Thursday, December 15, 2011

Man Up Star Terri Polo Talks About the Plight of the Modern Male


  Photo by Pop Culture Passionistas 

On the ABC sitcom Man Up, Teri Polo once again plays the down-to-earth woman reacting to the testosterone fueled antics of a bunch of guys. This isn’t foreign territory to the actress, who perfected the gig in all of the Focker movies alongside Ben Stiller. At a recent press event Teri talked about the women’s movement and why she thinks men have lost their way.



She discusses the roles that she and Amanda Detmer, her female co-star in Man Up, play on and off set. The guys are our main characters but I feel like, especially my character, she was the eye of the storm where these people just come into her kitchen and they [swirl around] and then they go out again. And she’s just like, ‘Oh dear God, help me.’ But Amanda and I make sure that it’s not a male dominated set. We are the loud ones and the men are often times very taken aback and we make sure that there’s no inequality here.”




The show was launched on the premise that the main male stars have lost their way a bit and they aren’t as manly as the generations before them who defended the country in World War II and Korea. This generation prefers to sit at home and play video games. Polo chimed in on the state of the modern man, saying, “I’ll get on my soapbox for a brief moment. I have a theory. There’s a very serious, very radical book, which I’m not necessarily advocating at all and saying, ‘This is the be all and end all,’ but it’s called Backlash by Susan Faludi. And it is in essence about a very radical description about the backlash of the women’s movement — how things went to extremes and so then the backlash went to the extreme and men got lost in the middle of all that.”

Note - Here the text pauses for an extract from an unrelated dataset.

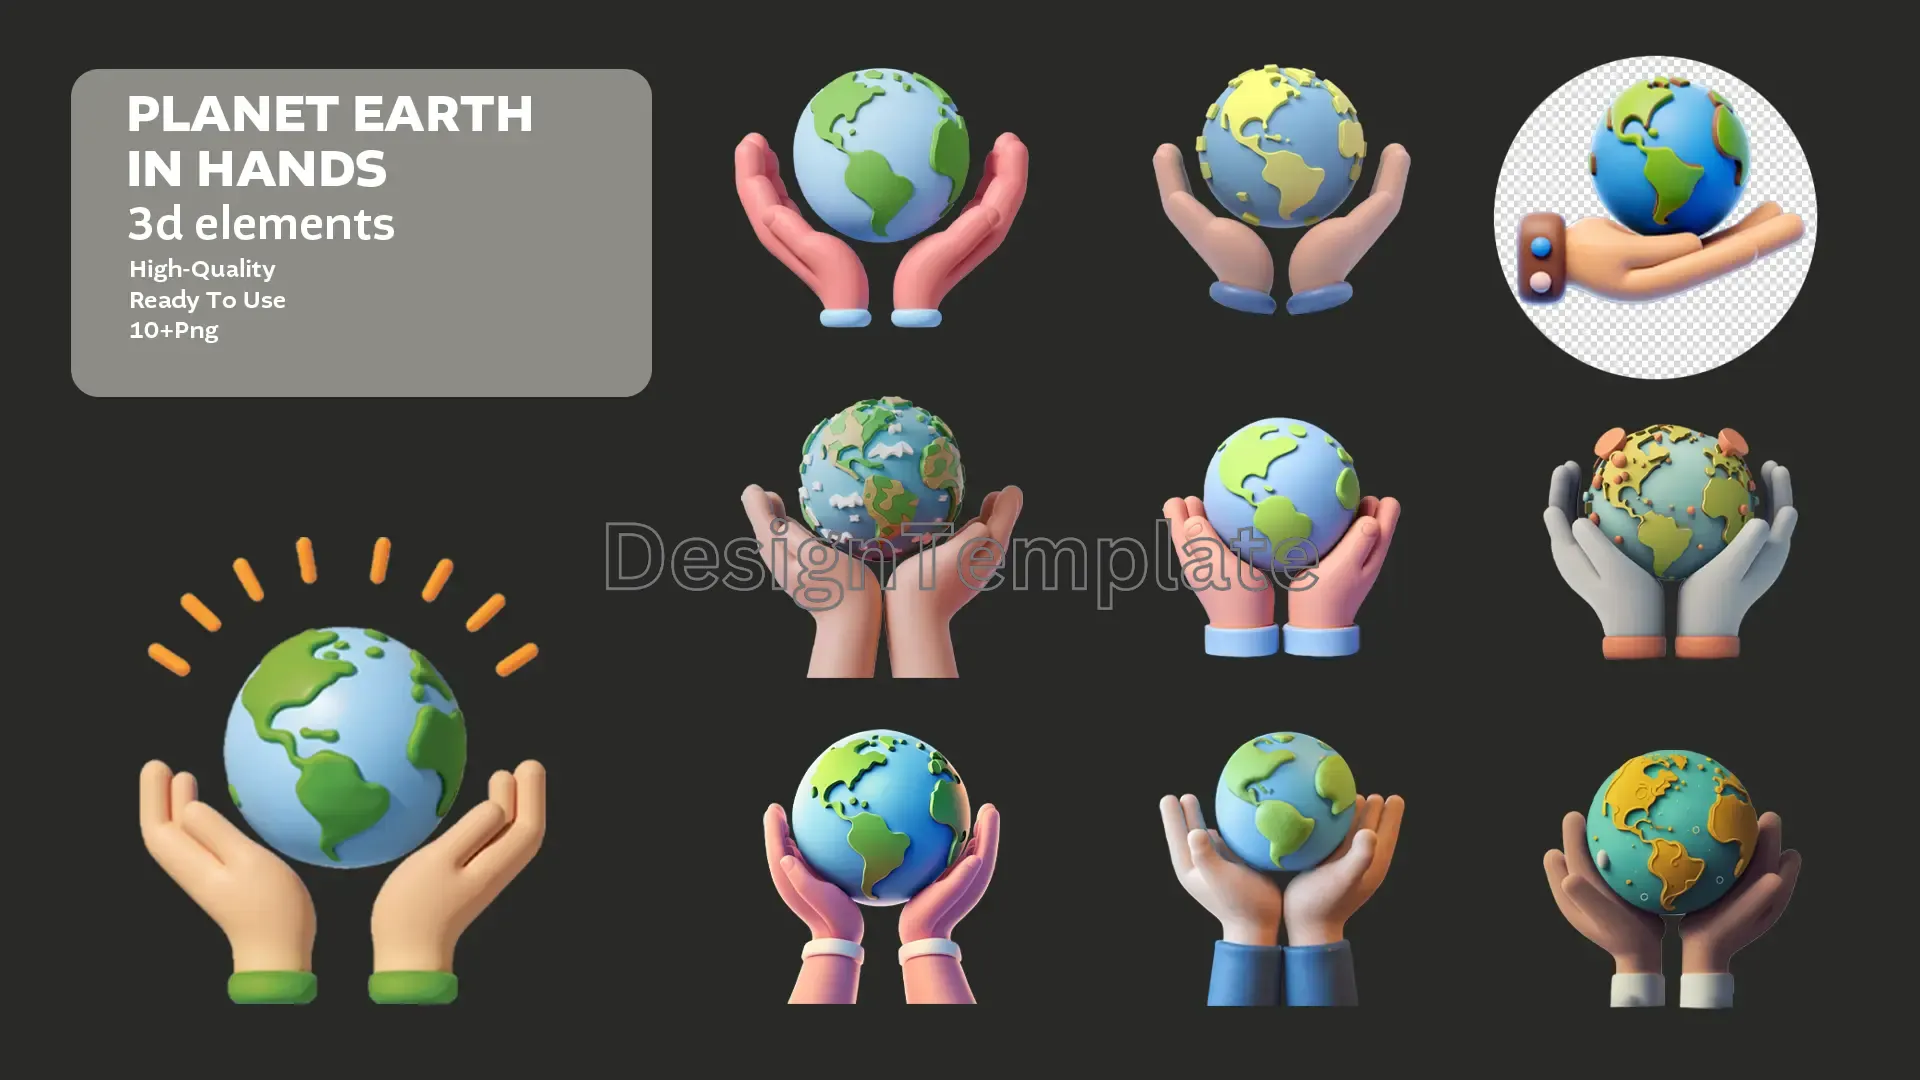 Global Grasp Planet Earth in Hands 3D Elements image

Teri continued, “There are several generations, unfortunately mine being one of them, where men lost the idea of what it is to be a man. ‘Am I supposed to open the door or am I not supposed to open the damn door? Are you going to get mad at me if I pay for dinner or are you not going to get mad at me if I pay for dinner? Are we all supposed to pee in the same type of toilet or not? I don’t know.’ So that’s part of the reason that men have lost their way.”



She added, “It’s also technology. Technology is different. Women are being recognized for having the same abilities in some cases as men do. And so I think that men have gotten a little messed up. I also believe my whole philosophy of the women’s movement is that I think it did go to extremes.”



The single, working mother of two gave her interpretation of the women’s movement and equality. “I would like to be treated with the same amount of respect for being a woman as the respect that they give a man for being a man. I don’t want to pee in the same type of toilet. I do not want to bench press 50,000 pounds. I do not want to have to open my own damn door all the time. Sometimes it would be nice. I really don’t want to buy dinner every single flipping time. There are things that I think are still important, because it’s respect. It’s called respect.”

After all, Teri acknowledged, men and women are not the same. She remarked, “We’re vastly different — physically, psychologically and in so many different ways. But it’s how you are treated, the respect. That is my whole take on the women’s movement and I think those poor lovely men that I love so much, couldn’t live without, are messed up. They’re messed up in what their role really is.”



But that aside, Teri said there’s one really important reason that men and women should tune in to Man Up. It’s stinking funny. You will watch it and say, ‘I know someone just like that. I’ve been in this situation. I know what it’s like. You will laugh at these people. You will fall in love with these characters because the actors are so good. The comedy is so randomly funny that some line will be blurted out and you’ll go, ‘What? The hippopotamus is purple? Where did that come from?’ And because [co-star] Dan Fogler delivers it, it’s funny. So it’s just stinking funny and you’re going to fall in love with these characters and you’re going to love to laugh at yourself and your friends every week on television. That’s what I would say.”



Man Up airs on Tuesdays at 8:30 p.m. EST/7:30 p.m. Central on ABC.